5. Robustness to Camera Pose Variation
StereoVLA was evaluated under camera-pose perturbations using datasets with small, medium, and large spherical-shell-based pose changes.
| Model Type | Small Pose | Medium Pose | Large Pose |
|---|---|---|---|
| SpatialVLA-D (1-view) | 24.6% | 13.7% | 6.8% |
| Front+wrist π₀.₅ | 64.3% | 56.5% | 51.6% |
| Front+wrist GraspVLA | 71.3% | 63.4% | 54.8% |
| Front+side GraspVLA | 82.5% | 55.7% | 24.1% |
| StereoVLA | 79.3% | 71.9% | 61.3% |
StereoVLA exhibited the highest robustness under medium and large extrinsic perturbations. The results indicate that stereo-derived parallax cues are resilient to camera/object pose variation, whereas multi-view approaches degrade as cross-view geometry degrades.

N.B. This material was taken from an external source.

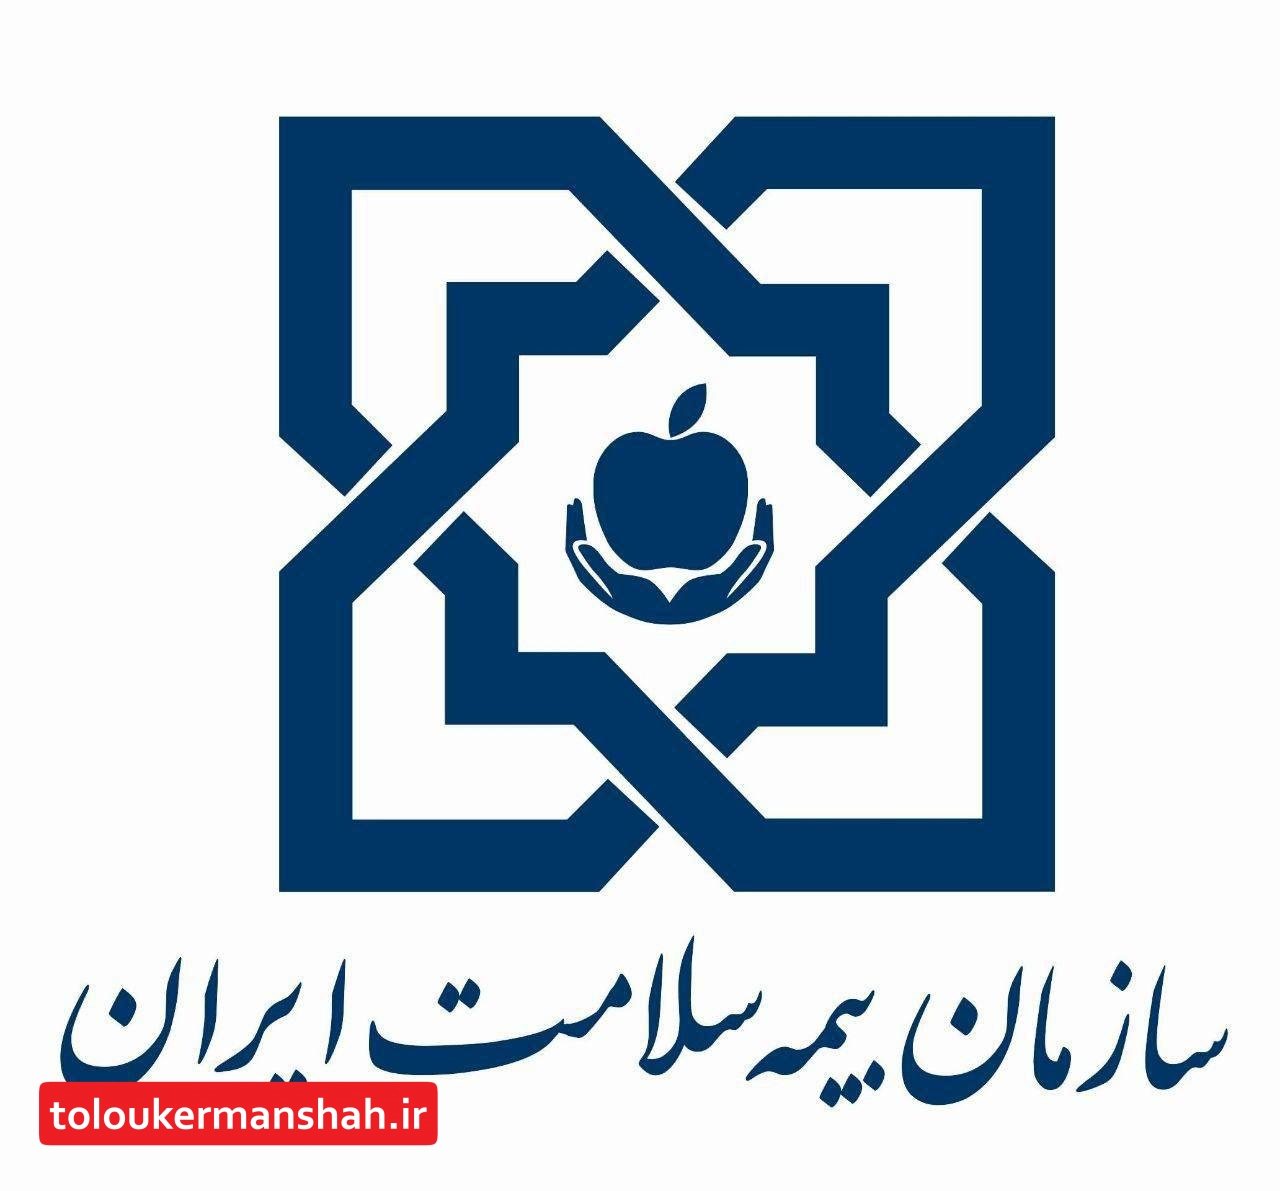 بیمه سلامت کرمانشاه فقط نسخه تجویزی الکترونیکی می پذیرد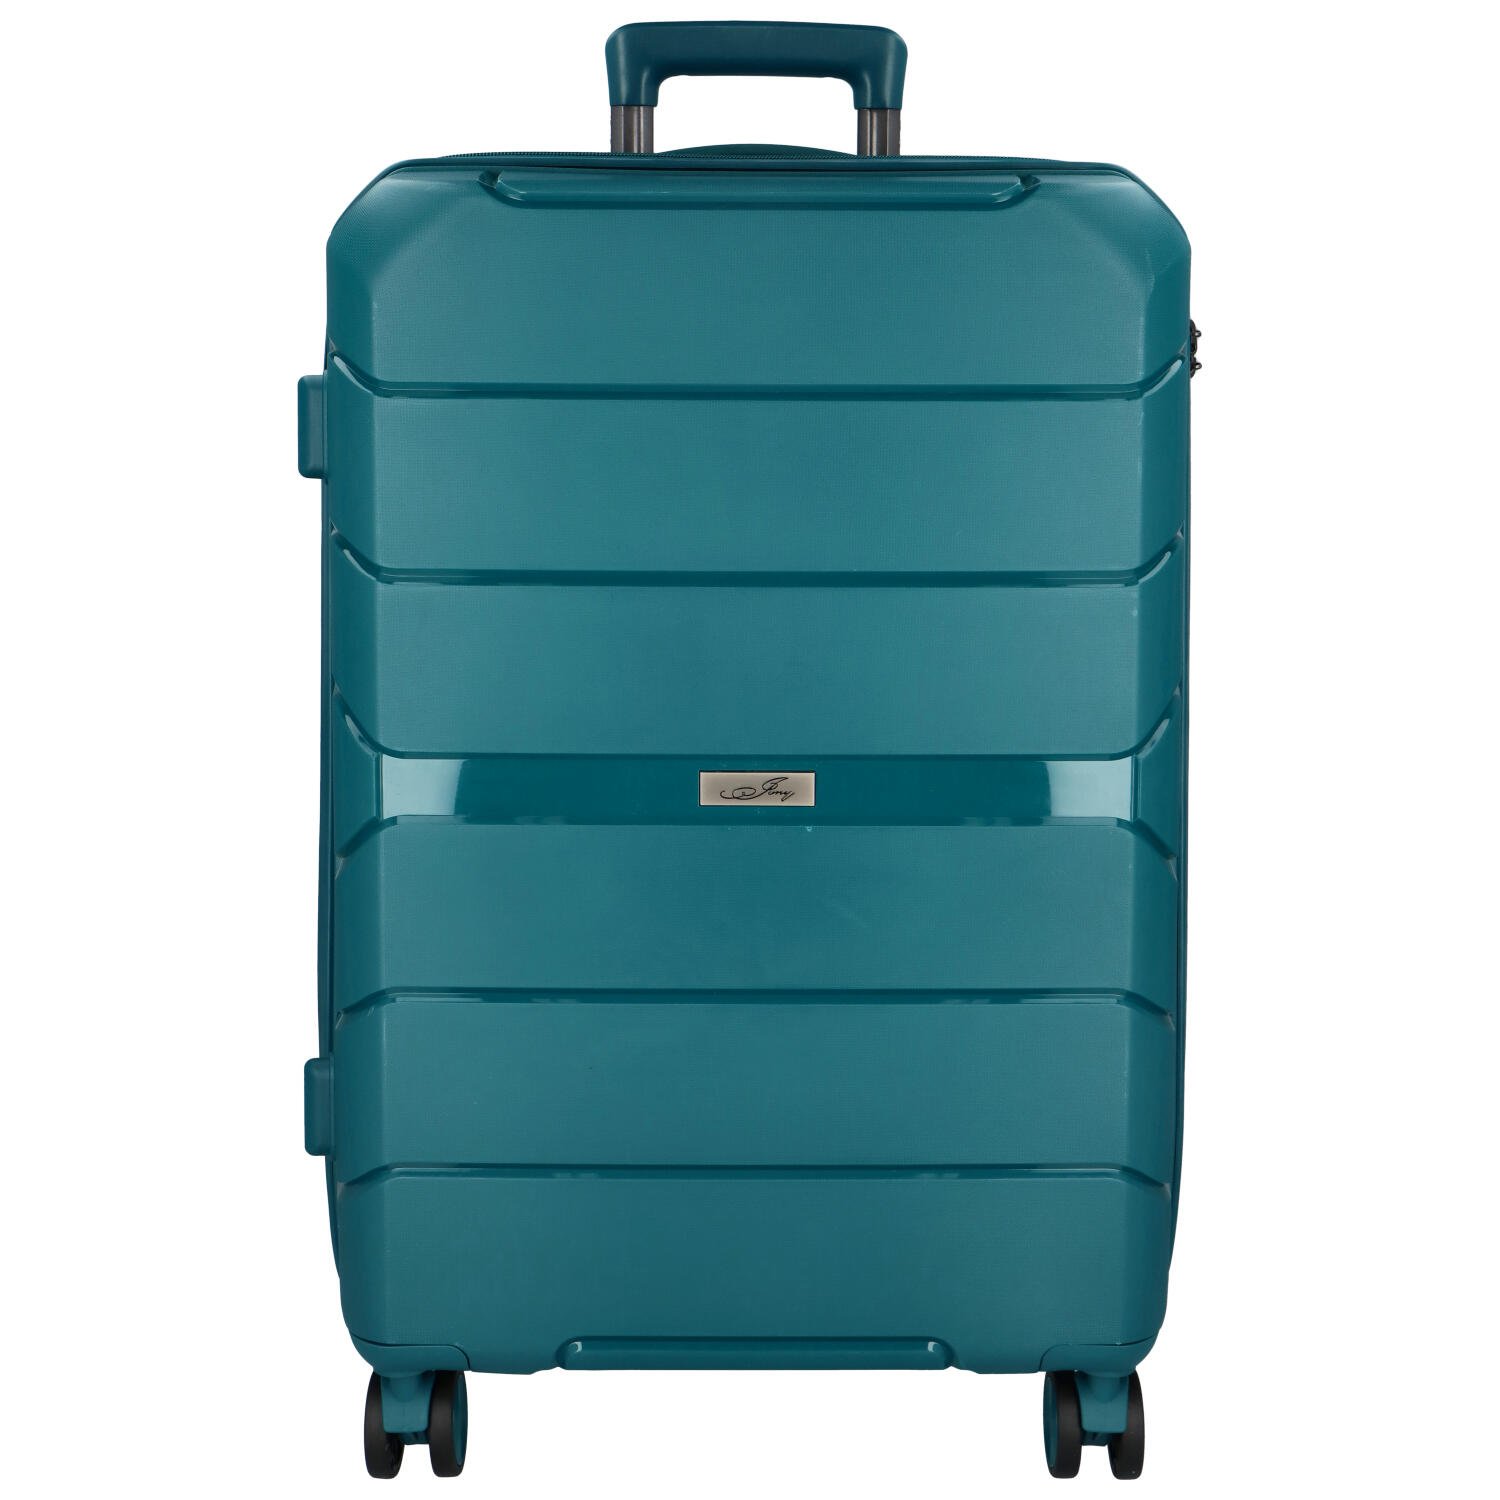 Cestovní plastový kufr Franco velikosti L, modrozelený

A plausible implication is that stereo fusion provides a consistent geometric reference irrespective of modest to large baseline shifts, maintaining action reliability.
6. Theoretical and Practical Implications
Binocular disparity, as implemented in StereoVLA, delivers dense spatial gradients crucial for resolving depth ambiguities, especially in cluttered or visually complex environments. Integration with strong semantic priors (semantic-rich foundation models) allows precise alignment between geometric cues and language referents. The IRDE auxiliary further focuses supervised attention on task-relevant regions, improving the convergence rate and robustness of spatial reasoning.
Overall, StereoVLA demonstrates that mature stereo representations, when coupled with vision-language modeling and auxiliary region-focused depth supervision, yield state-of-the-art manipulation accuracy and reliability for generalist robotic systems, particularly under real-world sensor and pose variations (Deng et al., 26 Dec 2025).